I lost my good dove land this year to development. I am sad :'(. I am trying to find new areas and butter up to farmers in west ogden and hope to have at least something. Willard bay may be the best option and walk in access in Logan.


----------



## High Desert Elk (Aug 21, 2012)

I may have to give it a go again since I am not hunting elk Labor Day weekend this year. Been several years since I've been and have a good area to go. Dove makes great chili


----------



## tigerpincer (Dec 5, 2009)

I cant wait for the Dove opener. Its always a great time with a buddy and my oldest boy when he's free to go. Bacon wrapped jalapenos n dove is also one of my families all time favorite meals. We all look forward to the tasty meal from this early September harvest.


----------



## Clarq (Jul 21, 2011)

I usually hunt doves on the opener, but this year I'm excited to have a doe deer tag that opens the same day. Looks like you all have one less person to compete with.

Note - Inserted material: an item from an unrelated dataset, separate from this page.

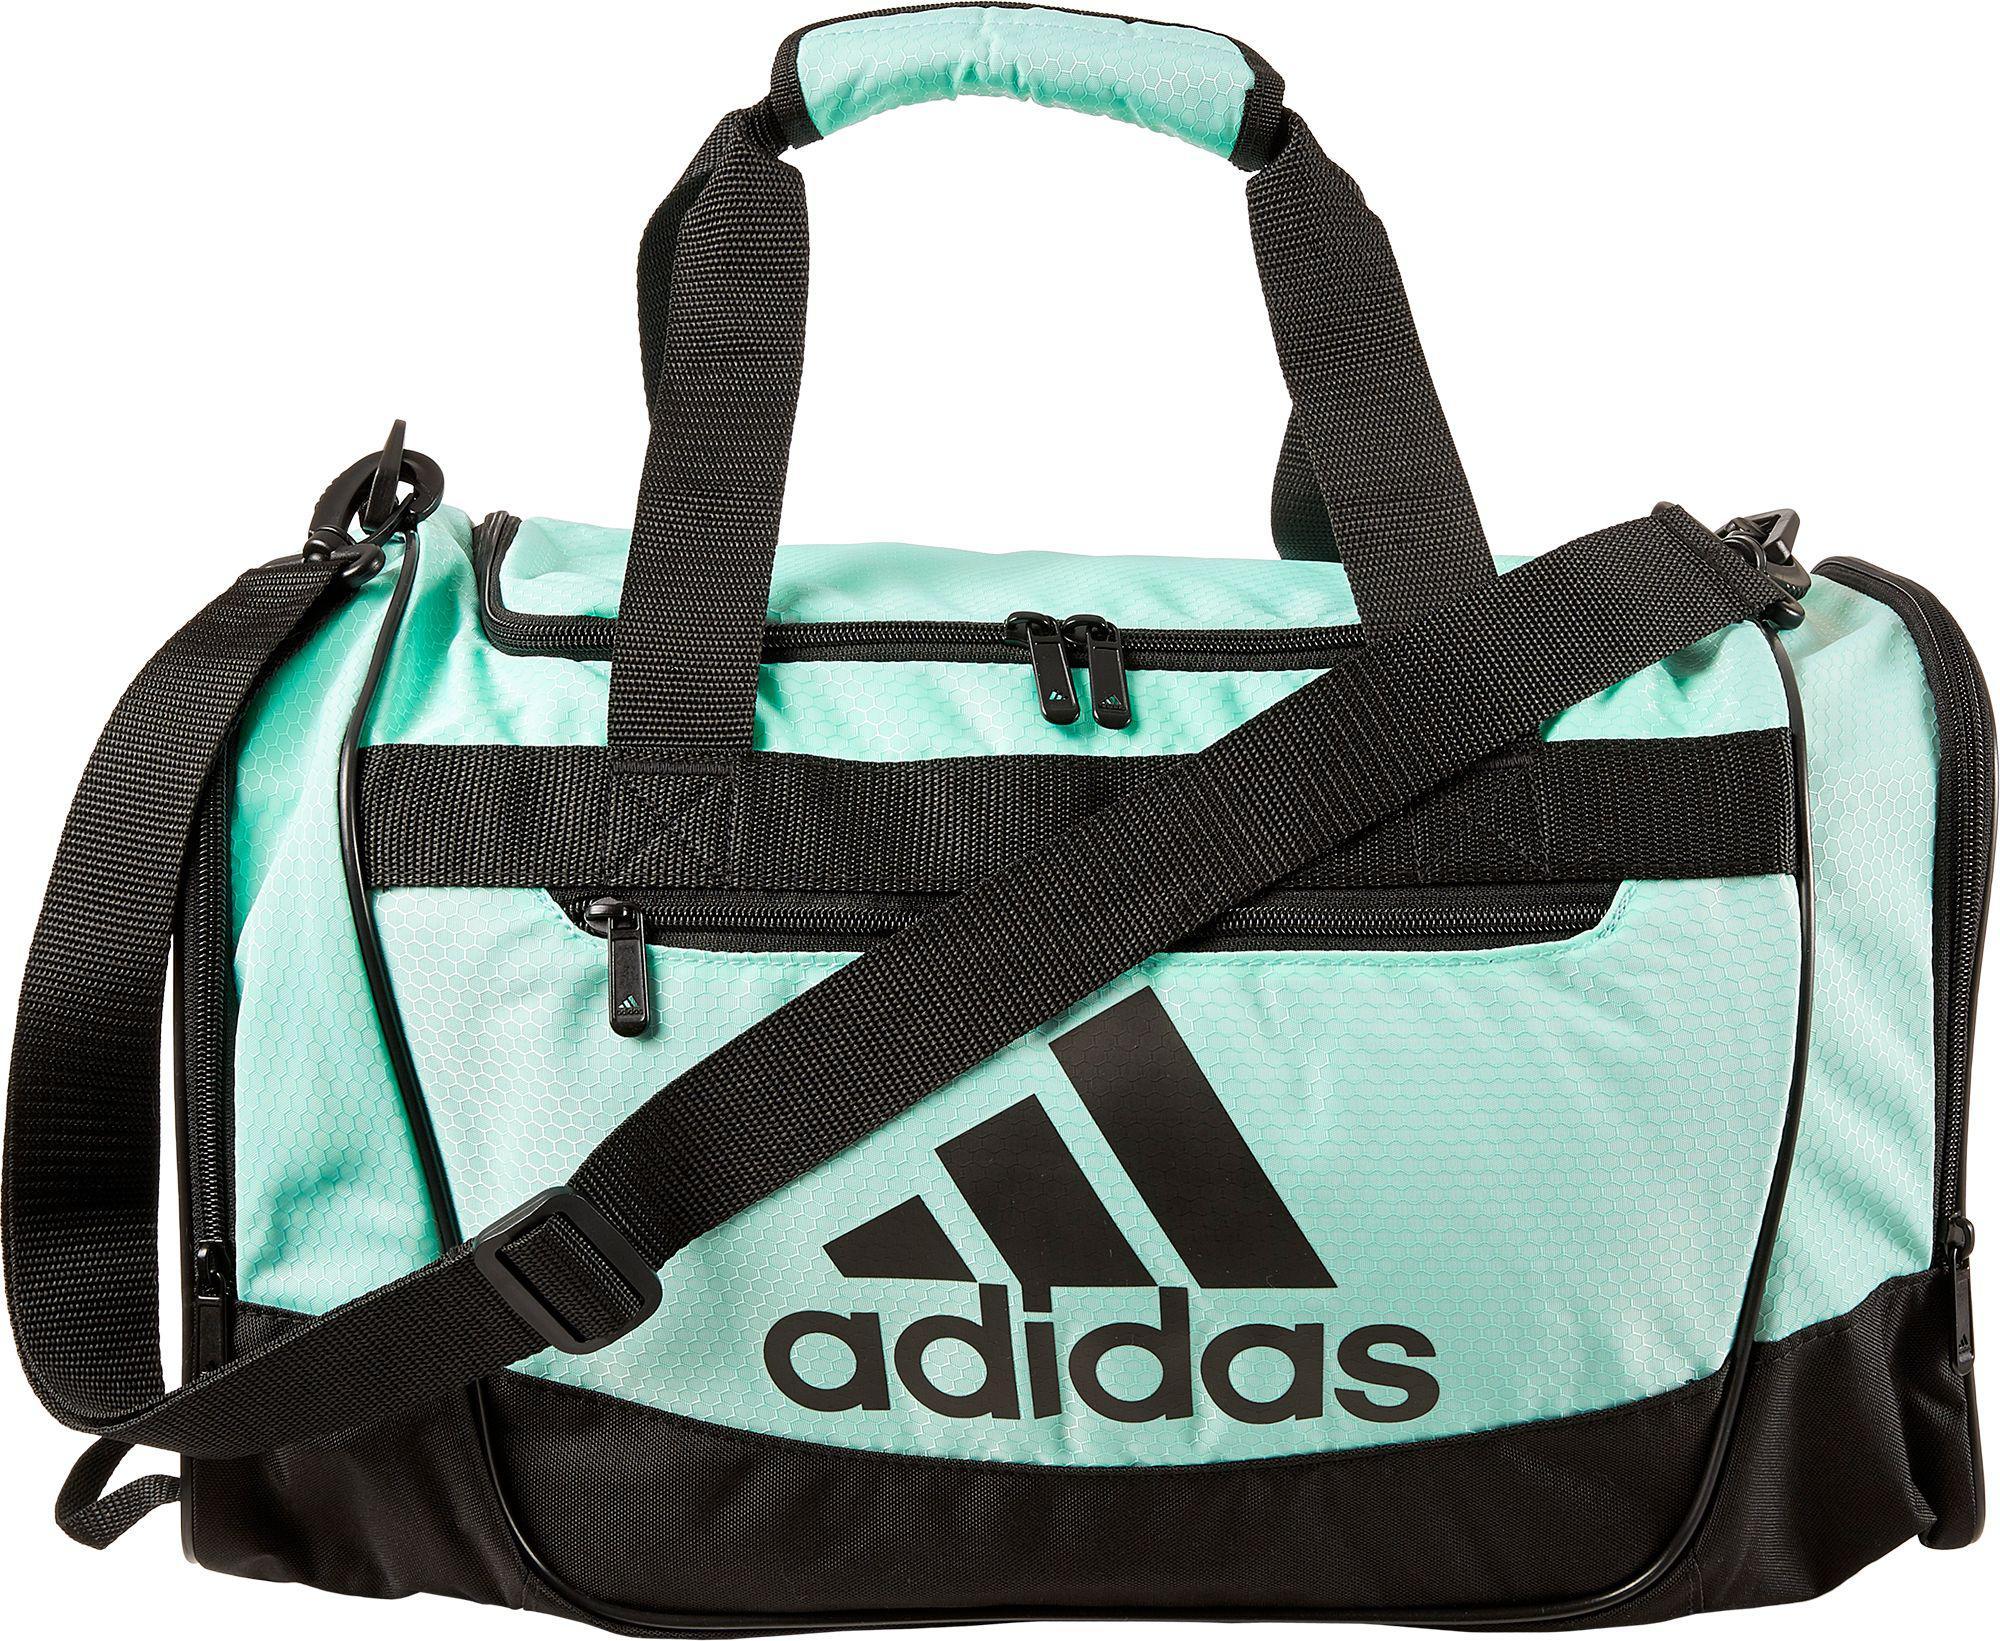 4a8db667ac Lyst - adidas Defender Iii Small Duffle Bag in Green for Men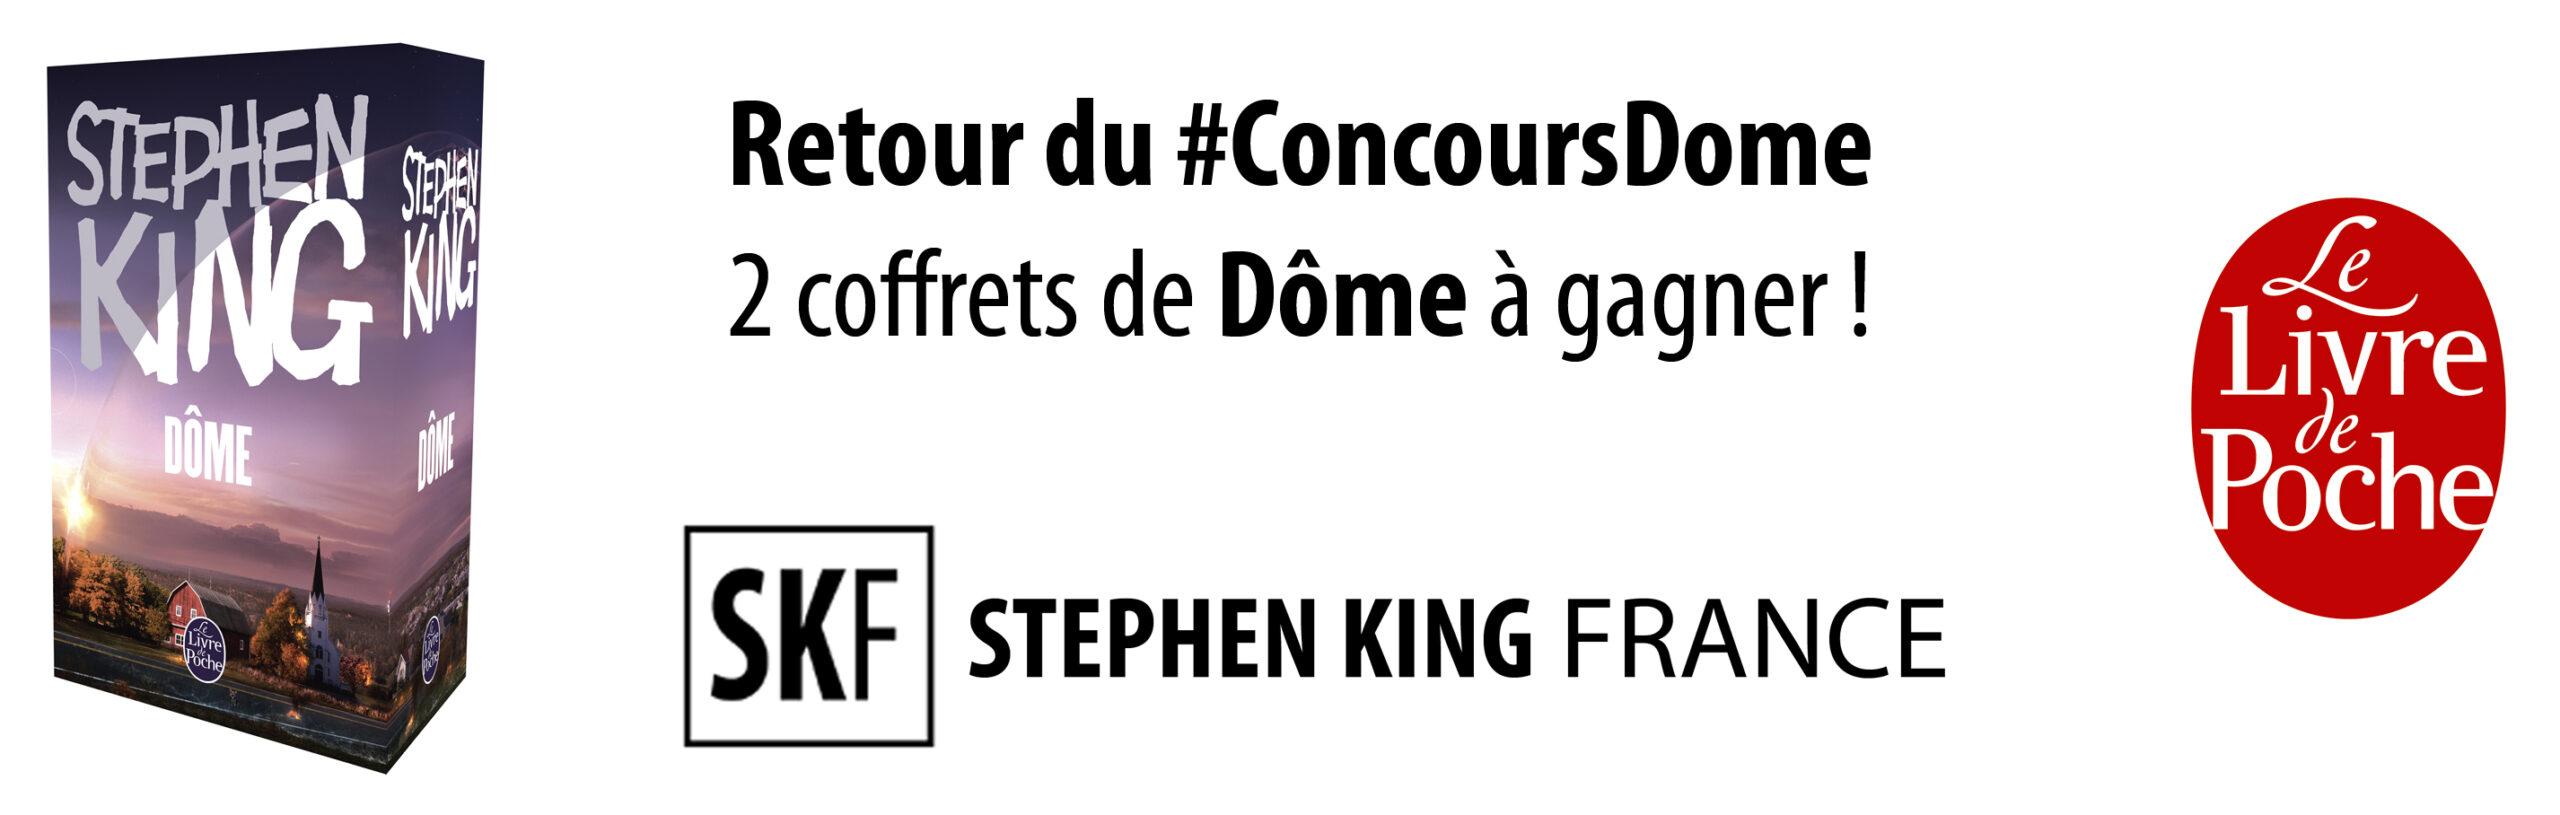 ConcoursDome

Good luck, everyone. It looks like the weather may just hold for you.


----------



## brendo (Sep 10, 2013)

I'm excited! Not too optimistic that I'll shoot something though. I Usually just drive around looking for public land to hunt and go home disappointed haha.


----------



## dkhntrdstn (Sep 7, 2007)

I wish I had some doves to hunt. I will go take the dog for a hike and look for some grouse.


----------



## DallanC (Jan 13, 2009)

Worst opener I've ever been on. The torrential rain Thursday had flash floods crossing and washing out the roads in 5-6 different places we drive though. Water was every where. My boy told me he heard air leaking out of one tire when we got to camp, sure enough by early AM it was flat. Doves were rare, I got a shot at one and my boy a shot at another. Saw a couple more out of range. Wife never got a shot.

Luckily the leaky tire wasn't too bad, I carry a nice compressor with me and we aired it up and got about an hour drive time before having to refill it. It got us home anyway without having to mess with changing it out for a spare. Tire store will probably have to road hazard warranty it due to where its punctured.


-DallanC


----------